The above function works fine but

https://github.com/GPUOpen-ProfessionalCompute-Libraries/MIVisionX/blob/master/amd_openvx_extensions/amd_nn/src/scale_layer.cpp#L103

this function returns Inf values.

They both call the same function (miopenBatchNormalizationForwardInference) but the second one passes nullptr for mean & variance.

I'm still working on my end to see if the issue is on our side but wanted to check if this is a known issue to miopen. I was able to find some tickets opened regarding Inf & NaN values so this issue might be related to that?

Feb 23 '22 22:02 hansely

@hansely I do not think this is known issue.

Can you please provide us with reproduce instructions? This is absolutely necessary in order to start working on it.

Feb 23 '22 22:02 atamazov

Hi @atamazov . You'll have to build MIVisionX first. You can either build it on your system or use the docker.

After building MIVisionX, you can try running the unit tests for scale layer & batch norm layer.

Scale layer unit test : Link. BatchNorm layer unit test : Link.

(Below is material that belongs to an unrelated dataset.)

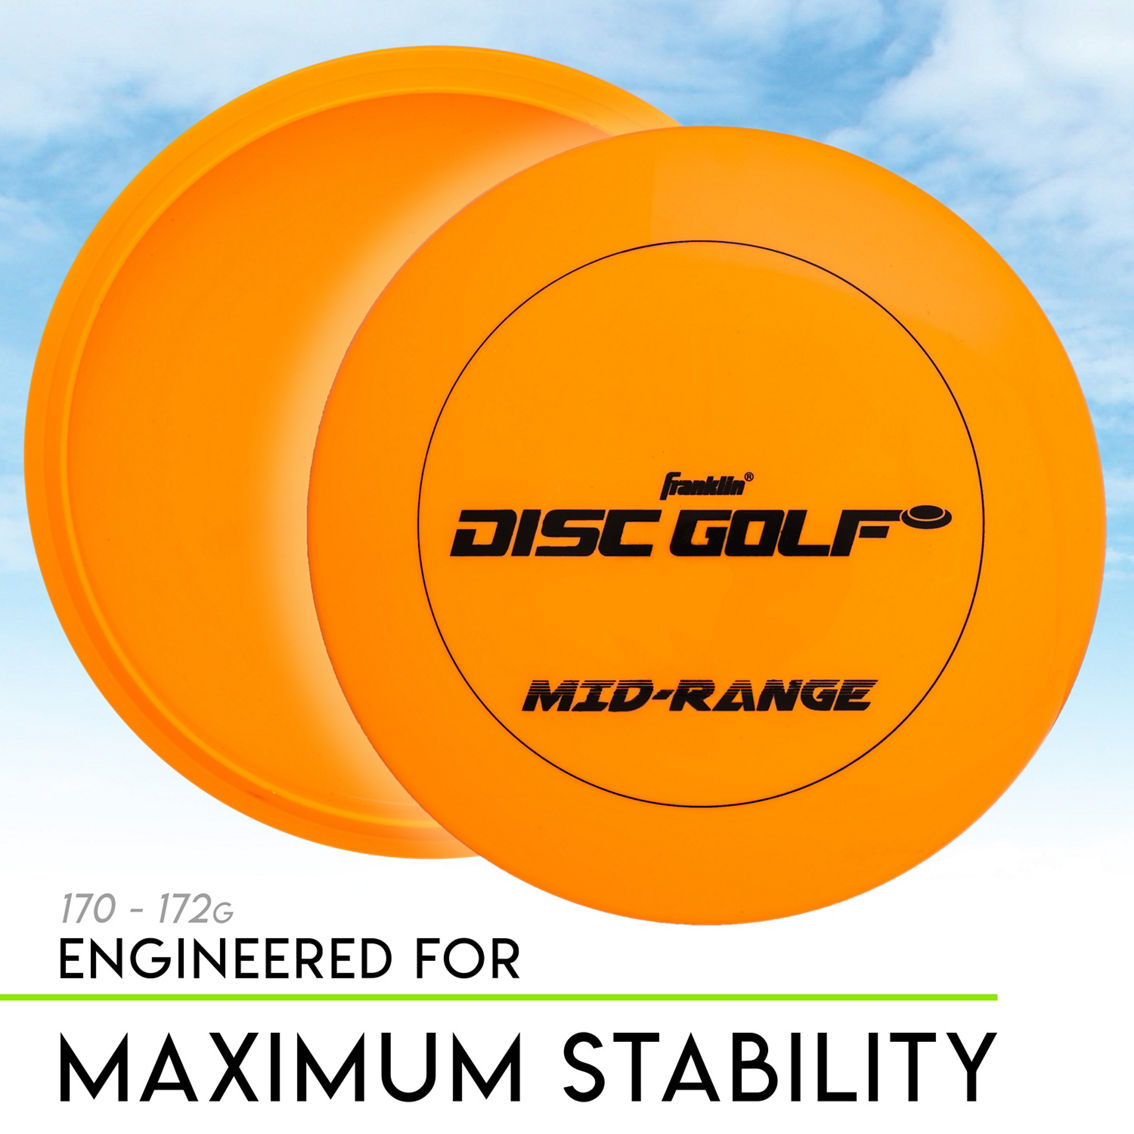 Franklin Disc Golf 3 pc. Set with Putter, Mid Range and Driver Discs - Image 4 of 9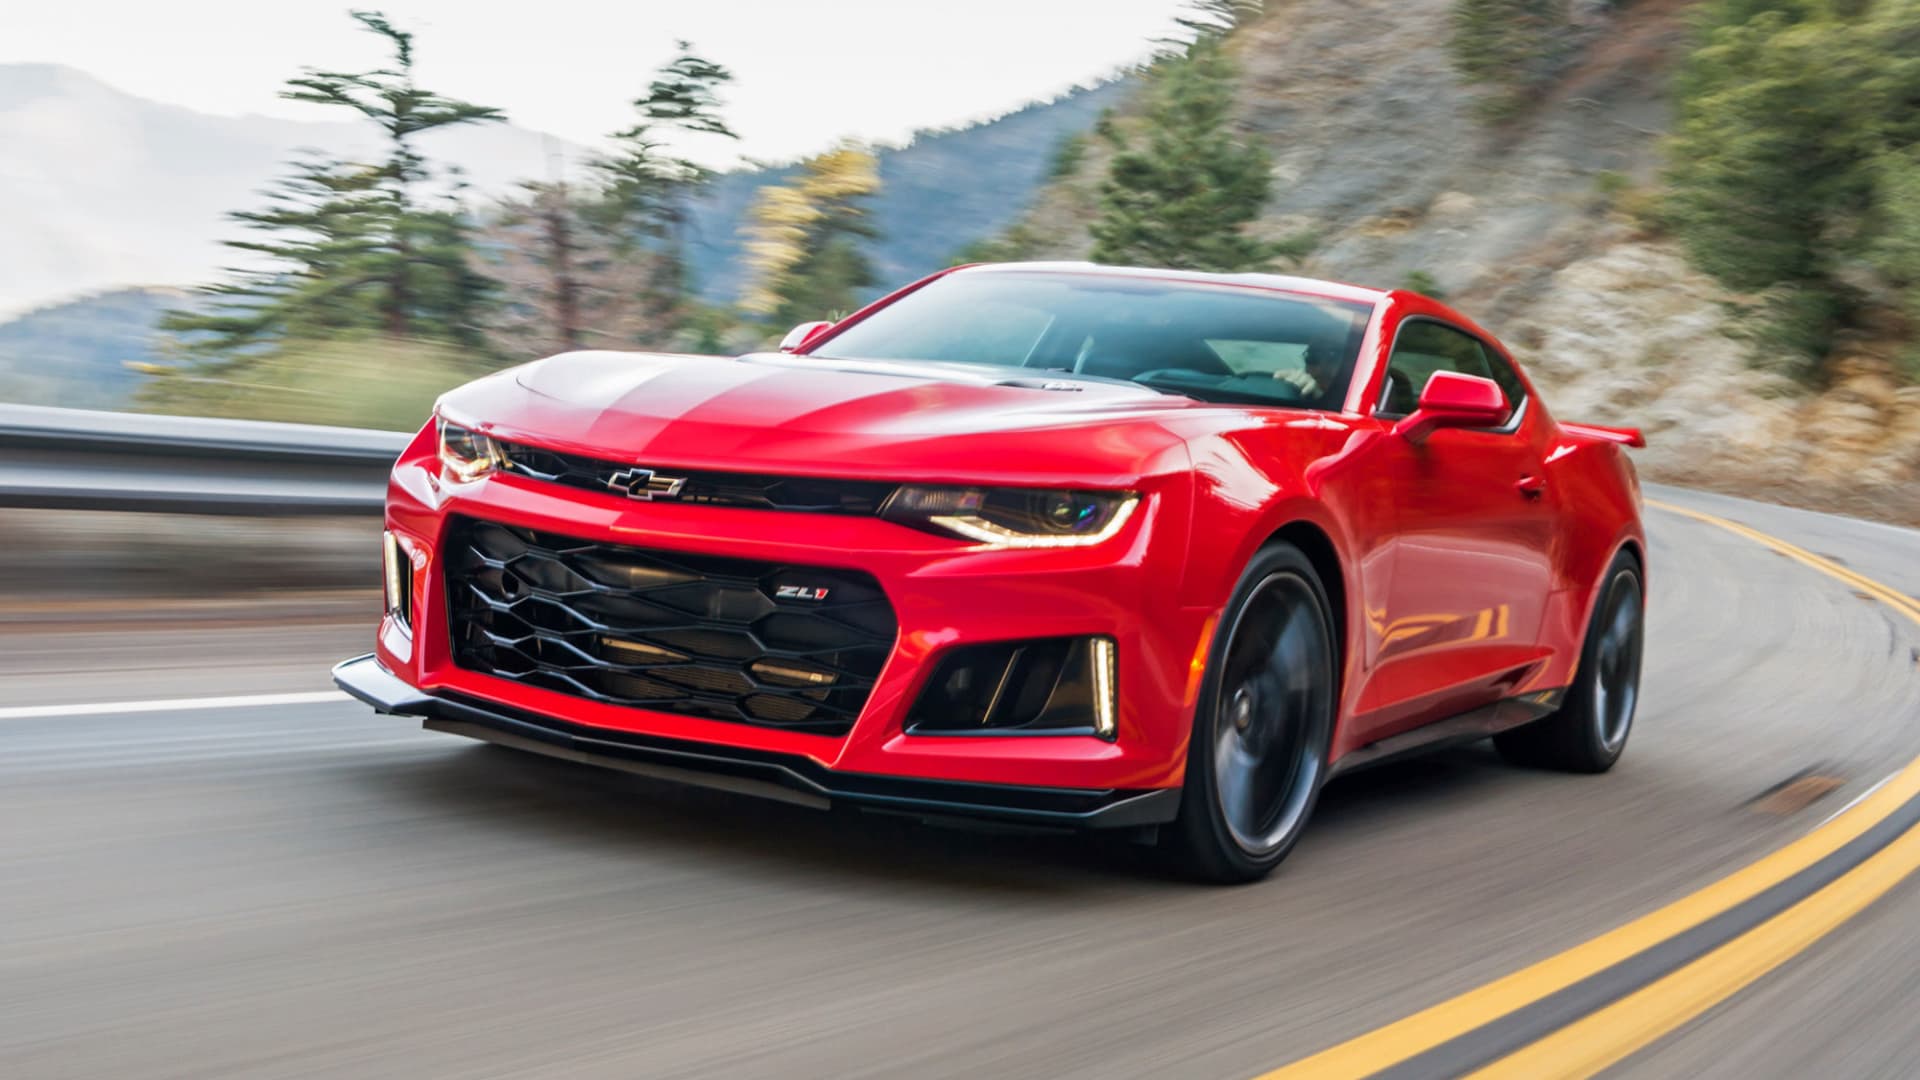 The Chevrolet Camaro ZL1 starts at about $62,000 and is powered by a 650-horsepower V8 engine, a considerable upgrade over the roughly $26,000 base model.

Please let me know if you don't have an authorization to this repository. The output of the unit test includes Inf values for scale layer where as the output of batch norm layer matches the golden results.

Feb 23 '22 23:02 hansely

@hansely Could you please rule out issue from your side as mentioned by you because both functions call same kernel?

Feb 23 '22 23:02 muralinr

Both slice & batchnorm call the same function but with different parameters. Slice pass nullptr for mean & varaince and 0 for epsilon.

Feb 23 '22 23:02 hansely

@hansely Can you please provide us input arguments in both slice and batchnorm calls? You may dump them in both calls.

Feb 23 '22 23:02 muralinr

Batchnorm:

miopenBatchNormalizationForwardInference(miopenHandle, miopenBNSpatial, &data->alpha, &data->beta, data->input_desc, data->input_mem, data->output_desc, data->output_mem, data->bnScaleBiasMeanVarDesc, data->bnScale, data->bnBias, data->bnMean, data->bnVariance, data->eps)

Slice:

miopenBatchNormalizationForwardInference(miopenHandle, miopenBNSpatial, &data->alpha, &data->beta, data->input_desc, data->input_mem, data->output_desc, data->output_mem, data->bnScaleBiasMeanVarDesc, data->bnScale, data->bnBias, nullptr, nullptr, 0));

FYI: Providing epsilon value as 0.00001 instead of 0 has removed the Inf & NaN values in the output but still did not match the expected output.

Feb 24 '22 00:02 hansely

@hansely I looked at your input arguments. I would suggest not to use batchnorm op for Slice. Batchnorm has division by squareroot of variance. If variance is zero, it would result in Inf & NAN values which is expected in this case. Even if we add epsilon value as 0.00001, input value is changed.

Feb 24 '22 00:02 muralinr

@muralinr I understand. However, on miopen documentation it says passing nullptr for mean & variance is allowed. They will just not be used.

Feb 24 '22 00:02 hansely

@muralinr I understand. However, on miopen documentation it says passing nullptr for mean & variance is allowed. They will just not be used.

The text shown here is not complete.